Physically speaking, Liko was unlike anyone Dane had ever been with.
Good. He’d been forced back onto the dating scene without a warning, without consent, without even a goddamn consultation.
So he was entitled to a few rules. He wanted a lover that wouldn’t remind him, either in looks or body.
Dane, Ethan and Nomi had absurdly similar physiques.
They wore each other’s clothes easily, even shoes.
Lowered in water, they would all displace the exact same amount. Three hares occupying equal thirds.
Liko was taller than Dane. Broader. Ten years older.
Dark-haired once, but heading toward silver.

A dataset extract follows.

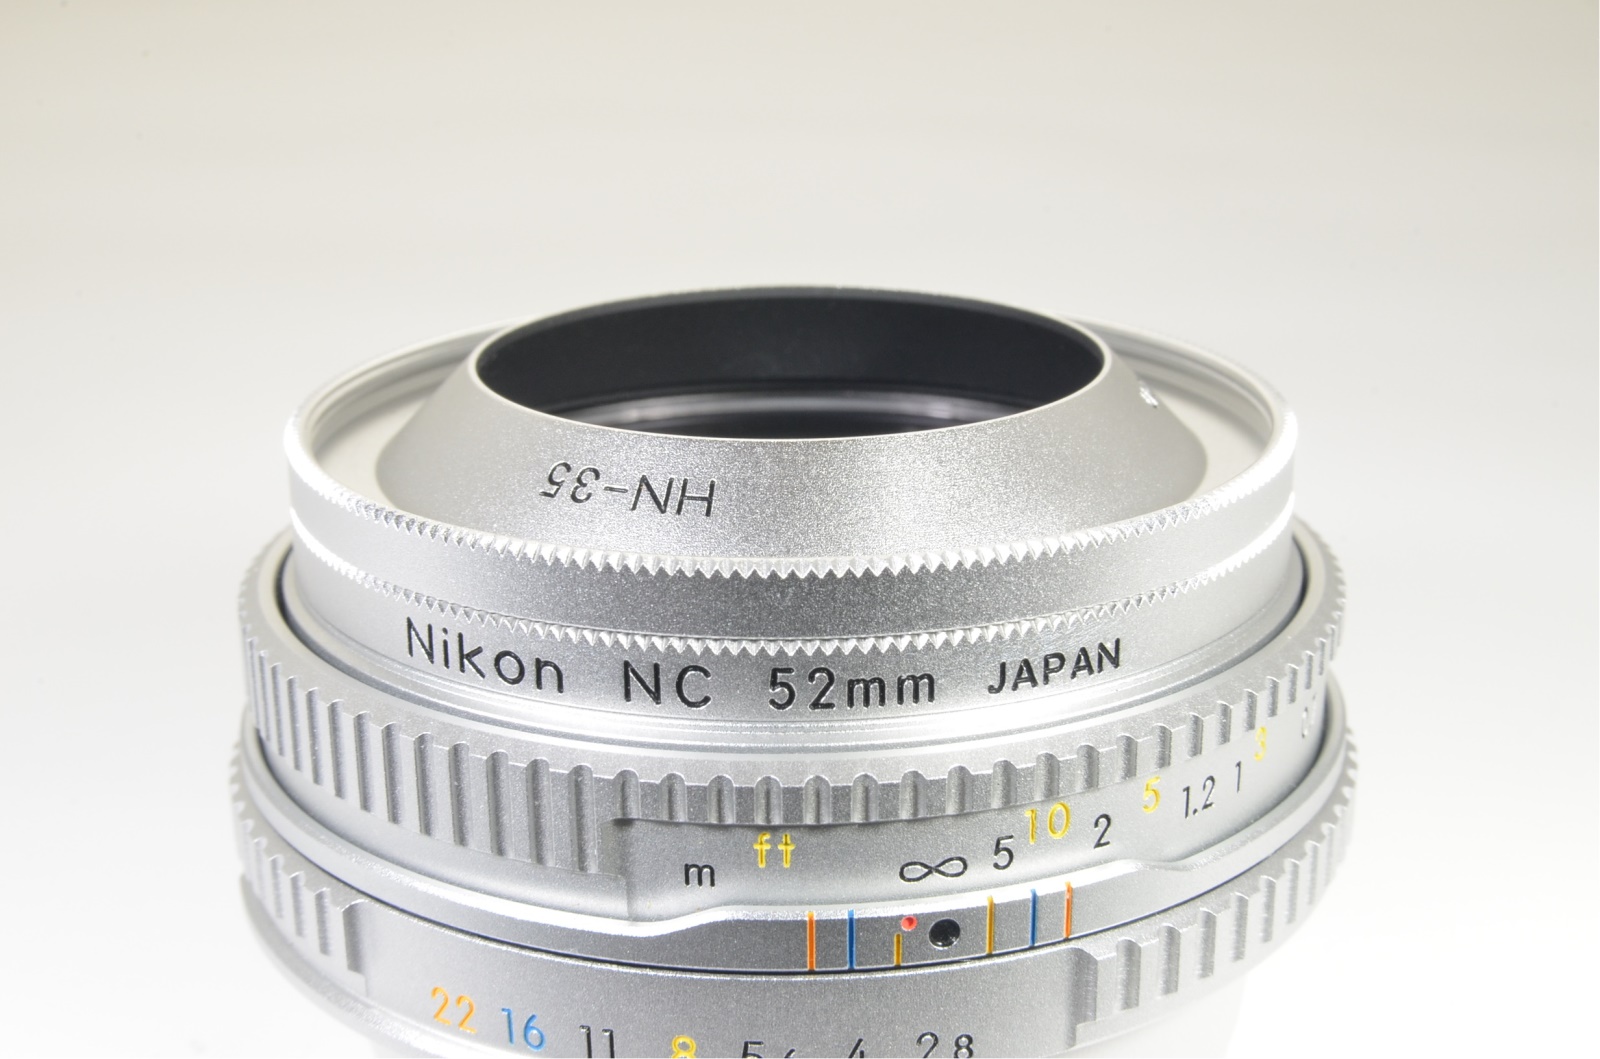 Nikon FM3A Silver 35mm Film Camera with Nikkor 45mm f/2.8P Film

The beard couldn’t mask the air of tired sadness, nor the way his expression often stopped cold, as if his son’s death had freshly blindsided him.
Even with a thousand-yard stare, he had a quiet sexiness that made Dane’s toes curl.
Liko was a wreck, but he was a confident wreck.
No doubt he could throw Dane around a bed and show him things. Fuck him in a way Ethan could never…
He looked away, clenched and blindsided.
He fished a pen out of his pocket and wrote Graylock on the placemat.
His pen flicked between letters before he finally wrote rock.
Then Glock, which Ethan would’ve discounted as a proper noun, but screw him.
Oh, and yak. Good word, probably worth a mess of points in Scrabble.
“Here we go,” Liko said, setting down a woodfired pizza, the cheese still bubbling in between asparagus spears and caramelized onions. “God, I’m starving.”
Dane realized he was too, and they demolished the pie in minutes.